# getting straight boards



## ortho1121 (Mar 29, 2016)

Since most 2x4 boards from large box stores are not perfectly straight can I use 2 boards 1x4 and screw them together with concave sides facing each other to obtain a fairly straight 2x4? Hope this is not a dumb question.


----------



## woodnthings (Jan 24, 2009)

*I wouldn't*

Wood warps as it dries, in the store, in your shop and sometimes after it's assembled :surprise2:
It has to do with where in the tree/log the wood was cut from. If the end has almost vertical grain, it will warp less. If it has large sweeping arcs on the end it will cup more easily. Read this article and you will understand the "the why" a lot better:
http://www.popularwoodworking.com/article/why-wood-warps


----------



## GeorgeC (Jul 30, 2008)

What are you trying to achieve? There may be a simple way to achieve it.

George


----------



## Jim Frye (Aug 24, 2016)

Construction lumber is not a good candidate for not having any of the issues that Woodenthings showed. When I want 2x4s that are straight, I pick through the "selects" or "premium" stacks at the lumber yard. If I want four good ones, I may have to sort through more than a couple of dozen to find ones that don't have twist, cup, warp, or bow to them. I usually use these for breaking down sheet goods or clamping between saw horses to make a temporary work site bench. Even if you can find completely straight 2x4s at the yard, they will likely move within a couple of days when you get them home. I take these "good" boards home and immediately clamp them face to face with lots of clamps. These then sit in the shop (or basement) for _*a few weeks*_ to acclimate. No guarantee that they will remain totally straight, but it helps. Trying to build something furniture wise with construction lumber of any length over a couple of feet is likely not going to end well.


----------



## Steve Neul (Sep 2, 2011)

If you dig through the stack you can find straight 2x4's. You will never find any that is straight enough to edge glue, that is up to the woodworker to make happen.


----------



## freedhardwoods (Sep 7, 2008)

ortho1121 said:


> Since most 2x4 boards from large box stores are not perfectly straight can I use 2 boards 1x4 and screw them together with concave sides facing each other to obtain a fairly straight 2x4? Hope this is not a dumb question.

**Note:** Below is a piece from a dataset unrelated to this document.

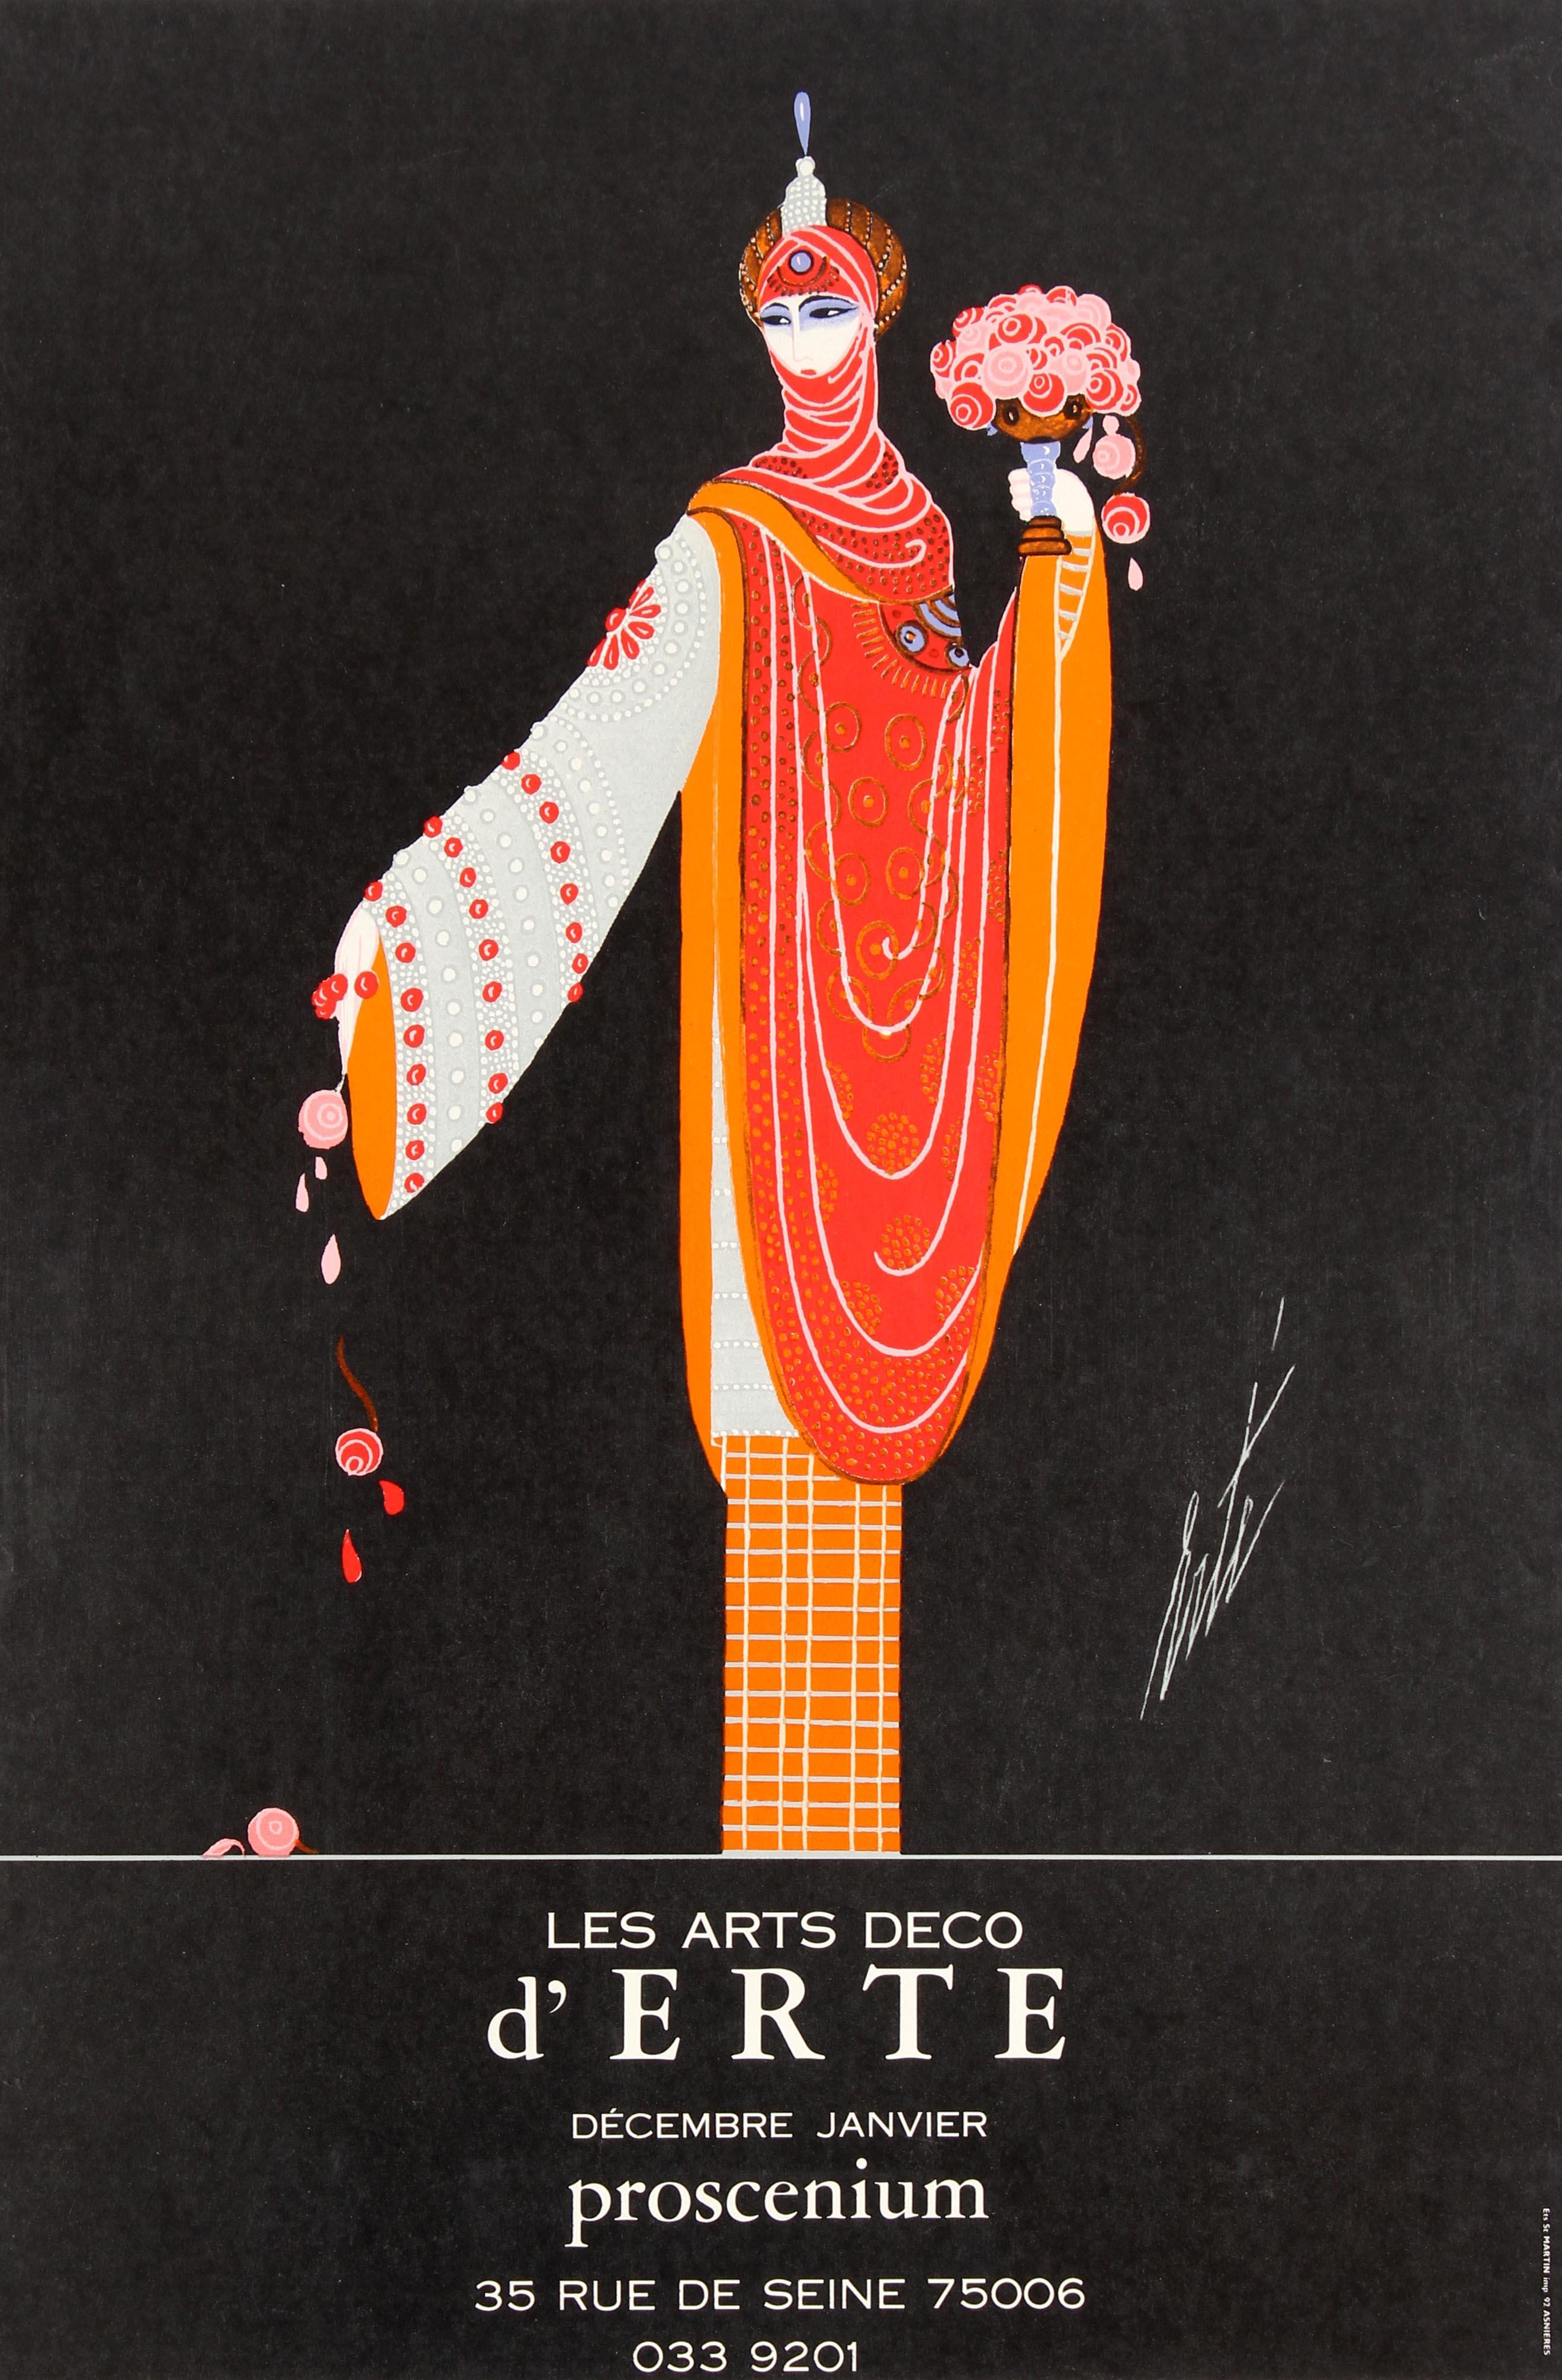 Erté Print - Original Vintage Decorative Art Deco Style Poster For Erte Exhibition Proscenium

I agree with what anyone has said. I thought I would add this to help answer your question

What you just described in your question is a basic laminated pole. It helps keep the wood much straighter for construction, but not straight enough by itself for woodworking. I made my own poles for my 16'x32' deck screwing four 14' treated 2x6's together.

Below is the advantages of laminated poles *for building construction*.

• Straighter, stronger and lighter than solid sawn post

• Won’t split, warp or twist allowing for easier framing and finishing


----------



## Rodrat (Aug 31, 2016)

I'm surprised that no one has said it yet because I see it posted so much here. Guess I get to be the first to say it.

You can get straighter and much better boards if you buy something like a 2x8 or 2x12 and rip 2x4s out of them. I don't remember who said it first but I tried that and it worked great. 

What are you using these for by the way?


----------



## m.n.j.chell (May 12, 2016)

Another option that hasn't been raised ... plywood.
Since the OP hasn't, yet, said what they're using the wood for ... anything is currently on the table.

Plywood is ALREADY laminated together to give you good strength to weight ratios. If you need thicker boards, glue more plywood pieces together. It only gets stronger, the more plies you add.


----------



## Jesse Blair (Oct 9, 2016)

mikechell said:


> Another option that hasn't been raised ... plywood.
> Since the OP hasn't, yet, said what they're using the wood for ... anything is currently on the table.
> 
> Plywood is ALREADY laminated together to give you good strength to weight ratios. If you need thicker boards, glue more plywood pieces together. It only gets stronger, the more plies you add.


And if it's something nice like Baltic Birch, it'll look cool too... granted, this is a project that would need to look cool. Otherwise, use the cheap stuff.


----------



## ortho1121 (Mar 29, 2016)

I am building an entrance arbor to our yard. Calls for upright 2x4 posts with lattice attached to the sides. Don't need furniture grade lumber but would like them as straight as needed. Just getting started building stuff so don't have a joiner, planer or table saw as of yet. Use my miter saw to build what I can. Great new hobby for me, very rewarding to see the finished product.


----------



## woodnthings (Jan 24, 2009)

*You will need pressure treated lumber*

Very often the PT lumber is Southern Yellow Pine and is fairly straight. Look through the stack and since you only need 2 pieces, it shouldn't be that hard to find them.


----------